At the beginning of this essay I pointed out that the word
racism does not match either the standard English meaning of the suffix –ism or
the ancient Greek usage of the original root of the suffix. Obviously, if racism now refers to the
condition of being light-skinned and of European ancestry, this is all the more
true. Ironically, the Left’s
anti-racist movement, which is now actively shoving this absurd definition of
racism down everyone’s throats, is an ism in the standard English sense of a
system of doctrine. Equally obvious and
ironic, is the fact that the Left’s anti-racism now itself meets the definition
of racism as the liberals of the 1950s and 1960s used the term. It does not want colour-blindness, it wants whites
to see themselves as white and therefore guilty of “racism”, and it wants
whites to see “people of colour” as “people of colour” and therefore victims of
“racism”. It does not want racial peace
and harmony – only the kind of “peace” that consists of submission, submission
on the part of all whites to all people of colour. The ultimate irony in all of this, is that
the Left’s anti-racism, is, unlike the “racism” it decries, a racism that is
actually an ism. It is a dark irony,
because the last time a racist system of organized doctrine achieved anything
close to the power of the Left’s anti-racism today, that system was National
Socialism. The Left’s anti-racism is also
eerily similar to National Socialism in its totalitarianism, its desire to
suppress all dissent and require all to submit to its every dictate.

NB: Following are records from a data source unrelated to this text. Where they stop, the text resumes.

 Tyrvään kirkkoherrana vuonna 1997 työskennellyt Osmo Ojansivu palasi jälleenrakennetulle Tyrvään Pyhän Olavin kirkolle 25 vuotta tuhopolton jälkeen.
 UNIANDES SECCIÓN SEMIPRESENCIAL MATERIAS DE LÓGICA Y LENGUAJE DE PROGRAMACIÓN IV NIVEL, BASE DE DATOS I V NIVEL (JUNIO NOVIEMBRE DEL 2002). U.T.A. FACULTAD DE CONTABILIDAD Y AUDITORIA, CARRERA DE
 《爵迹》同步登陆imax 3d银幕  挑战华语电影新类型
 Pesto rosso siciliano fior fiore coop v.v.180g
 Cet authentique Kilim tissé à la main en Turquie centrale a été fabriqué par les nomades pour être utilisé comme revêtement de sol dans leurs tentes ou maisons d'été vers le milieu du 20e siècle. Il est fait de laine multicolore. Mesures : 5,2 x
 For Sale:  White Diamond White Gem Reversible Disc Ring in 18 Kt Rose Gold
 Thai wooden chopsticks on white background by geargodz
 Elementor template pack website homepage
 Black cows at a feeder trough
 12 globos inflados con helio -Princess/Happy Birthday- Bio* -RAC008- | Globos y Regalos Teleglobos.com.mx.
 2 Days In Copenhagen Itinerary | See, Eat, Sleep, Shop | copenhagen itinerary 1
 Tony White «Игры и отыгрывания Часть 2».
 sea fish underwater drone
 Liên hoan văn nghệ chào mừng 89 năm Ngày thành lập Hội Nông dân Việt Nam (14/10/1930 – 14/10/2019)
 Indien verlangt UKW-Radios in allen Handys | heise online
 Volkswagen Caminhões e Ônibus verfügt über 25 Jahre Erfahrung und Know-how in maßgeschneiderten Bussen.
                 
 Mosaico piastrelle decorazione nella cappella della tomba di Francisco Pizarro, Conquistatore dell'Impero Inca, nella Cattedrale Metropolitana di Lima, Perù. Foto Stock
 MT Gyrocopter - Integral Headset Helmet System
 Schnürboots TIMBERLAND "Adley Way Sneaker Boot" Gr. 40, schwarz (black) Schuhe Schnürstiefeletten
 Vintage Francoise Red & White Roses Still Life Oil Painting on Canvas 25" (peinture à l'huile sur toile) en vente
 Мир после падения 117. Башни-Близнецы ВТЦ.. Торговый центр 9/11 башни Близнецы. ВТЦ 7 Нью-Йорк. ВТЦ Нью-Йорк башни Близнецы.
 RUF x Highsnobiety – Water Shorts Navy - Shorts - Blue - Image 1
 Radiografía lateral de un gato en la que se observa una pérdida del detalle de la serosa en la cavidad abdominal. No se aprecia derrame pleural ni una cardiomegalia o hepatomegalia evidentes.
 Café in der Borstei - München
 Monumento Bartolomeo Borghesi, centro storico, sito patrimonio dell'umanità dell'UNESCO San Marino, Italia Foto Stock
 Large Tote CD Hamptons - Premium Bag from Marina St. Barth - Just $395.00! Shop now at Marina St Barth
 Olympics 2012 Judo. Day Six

From the perspective of orthodox Christianity, the basic
problem with National Socialism was one of idolatry – it had substituted race
and nation for God, thus making idols out of them. Communism was no solution – it was
officially atheistic and guilty of the same kind of atrocities as the Third
Reich on a larger scale. T. S. Eliot,
in noting that “it is only in returning to the eternal source of truth that we
can hope for any social organization which will not, to its ultimate
destruction, ignore some essential aspect of reality” and that democracy by
itself “does not contain enough positive content to stand alone against the
forces that you dislike” made the well-known statement that “If you will not
have God (and He is a jealous God) you should pay your respects to Hitler or
Stalin”. The wisdom in Eliot’s
assessment of the situation has, of course, gone largely unheeded since.
Today’s racial nationalisms, whether black or white, repeat
National Socialism’s basic error of making idols out of race and nation, to
which they add the error of confusing the two categories, a mistake Hitler
never made. The basic mistake of liberalism’s
vision is best described as the naïve belief that we can have the “brotherhood
of mankind” without first having the “Fatherhood of God”. The Left’s anti-racism, however, dwarfs all
of these other Modern and Postmodern heresies, including them within itself –
it has made idols out of every non-white race and nation – while heaping others
on top of them. It is a religion which
requires confession of a “sin” – being white – that one can neither help nor
turn from, while offering only bondage rather than absolution to those who confess. In rejection of Him Who offered Himself as
the scapegoat to end all scapegoats (see René Girard’s Things Hidden Since the Foundation of the World, 1978) it has made
white people into a scapegoat for “people of colour”, much as Hitler made the
Jews into a scapegoat for the Aryans.
It is an evil crying out for condemnation and the test of the faithful
in this day is whether they will find the courage to condemn it.